プレゼン映像や説明はとても上手だった。これわざわざ作ったのだろうか…大学生がインターンに来たとか、就職説明会で見せられるならわかるけどさ、私ただ単純に見学しに来ただけなんですが…
パパの会社は飲食店関係だ。ここの本社では、店舗に送る食材類を手配したり、新しいメニューを提案したり、店舗の従業員の管理をしたり…とにかく色々している。そんでもって海外事業部は名前の通り、海外に展開予定のビジネスを扱う場所だ。
瀬戸さんは日本語以外に英語と中国語を話せるそうだ。
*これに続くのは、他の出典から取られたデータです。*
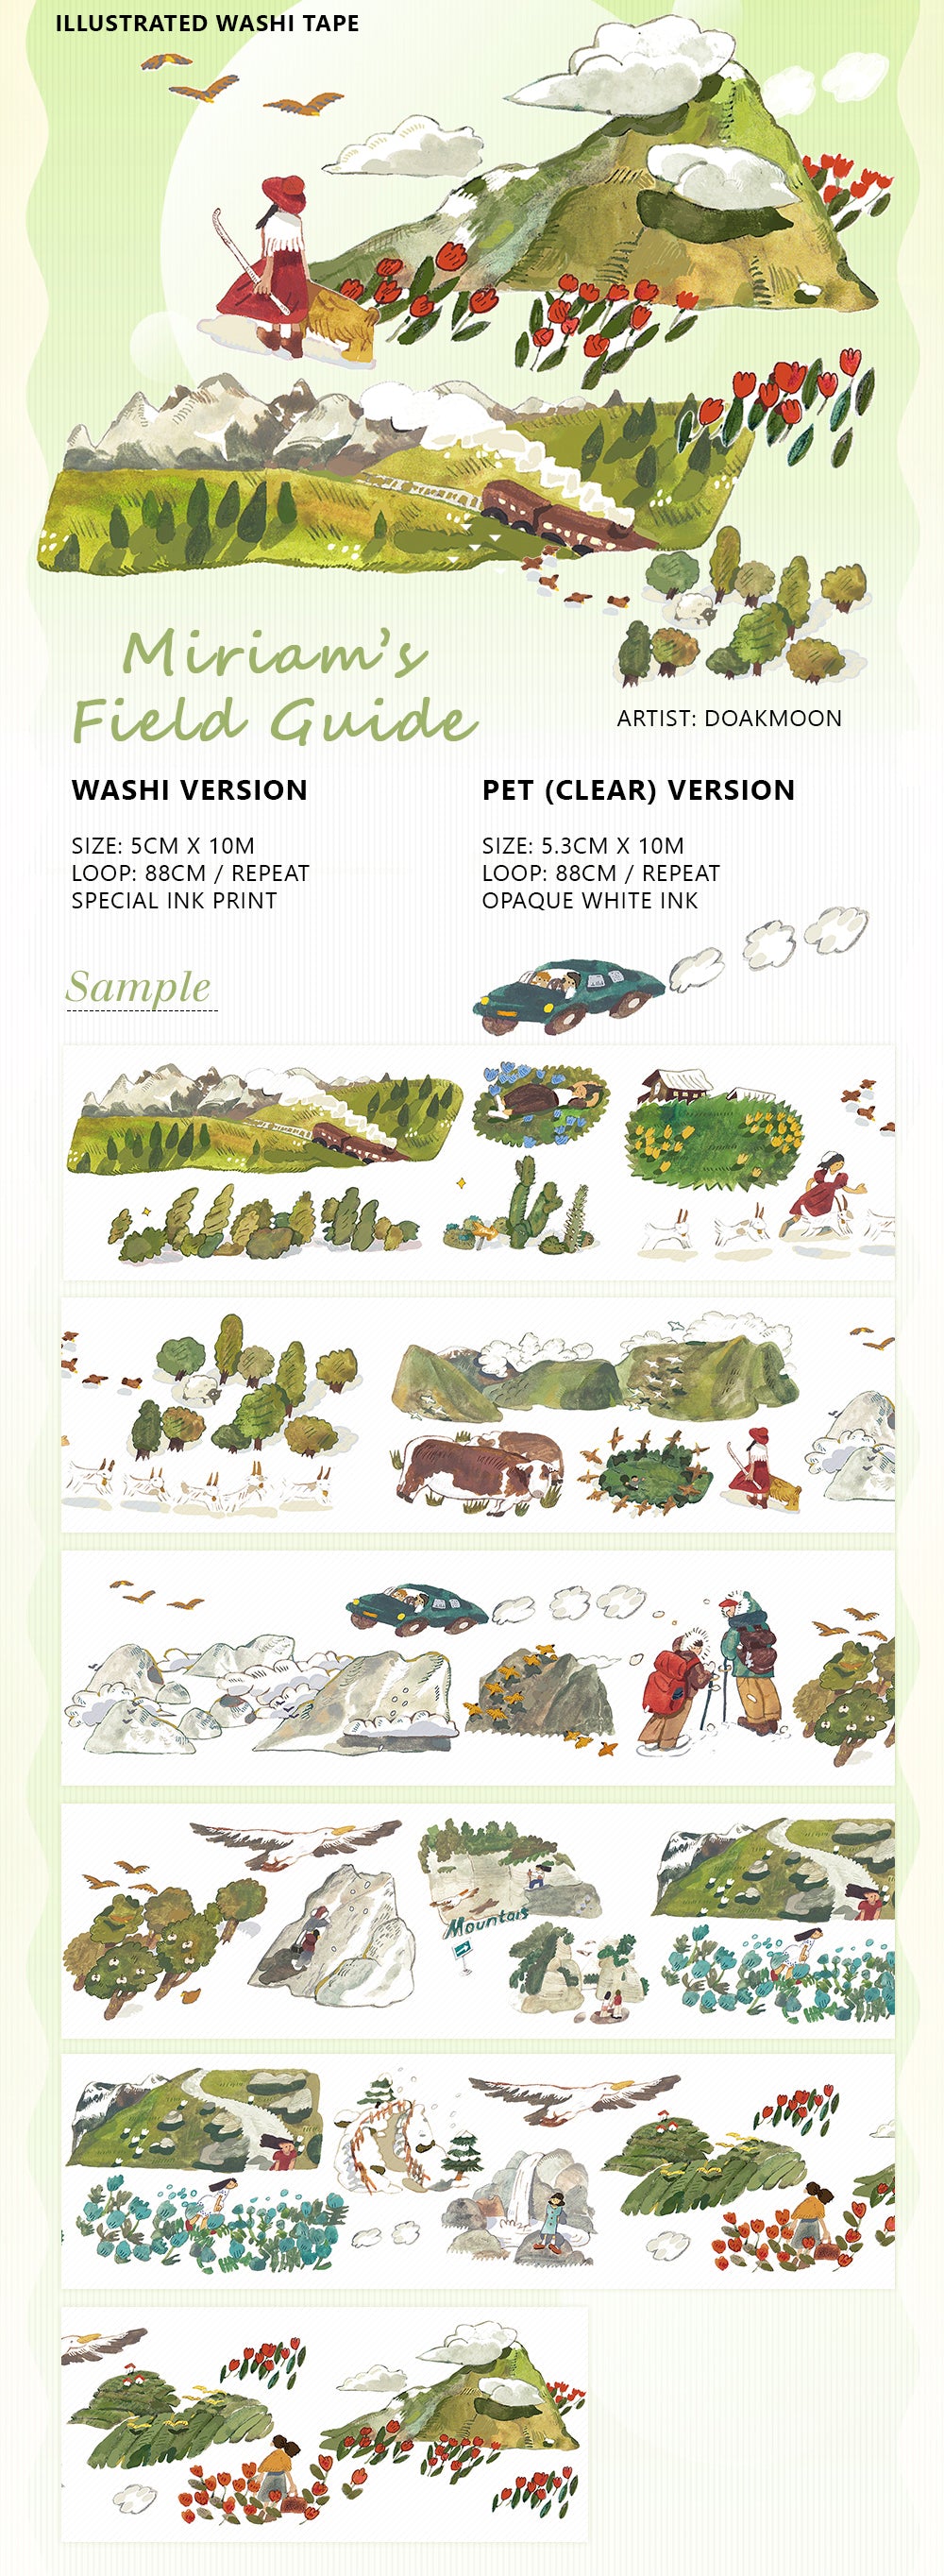 Falling Land Studio Washi Tape: Miriam's Field Guide

英語すら話せない私へのあてつけだろうかと思った私は少々ひねくれているだろうか。
慎悟なんていつ使うのかわからないタガログ語に夢中だよ。この間のデートではタガログ語の音楽流している東南アジアンチックなお店に連れて行かれたばかりだ。
そういえば慎悟は何カ国語話せるんだろう…英語は間違いなく話せるでしょ、中国語もできると言っていた。下手したら他にも……考え事してボケーッとしながらノートパソコンのタッチパッドを指でポンポンと押して、次の画面次の画面と進めていると、その手を上から握ってくる男の手。
──ゾワッと一気に全身の毛穴が開いた。
「…やめてもらえます?」
「本当に嫌?」
「嫌ですけど」
何だこの人。
変だな変だなと思っていたけど本当に変な人じゃないか。仕事できるらしいけど、変人もいいところである。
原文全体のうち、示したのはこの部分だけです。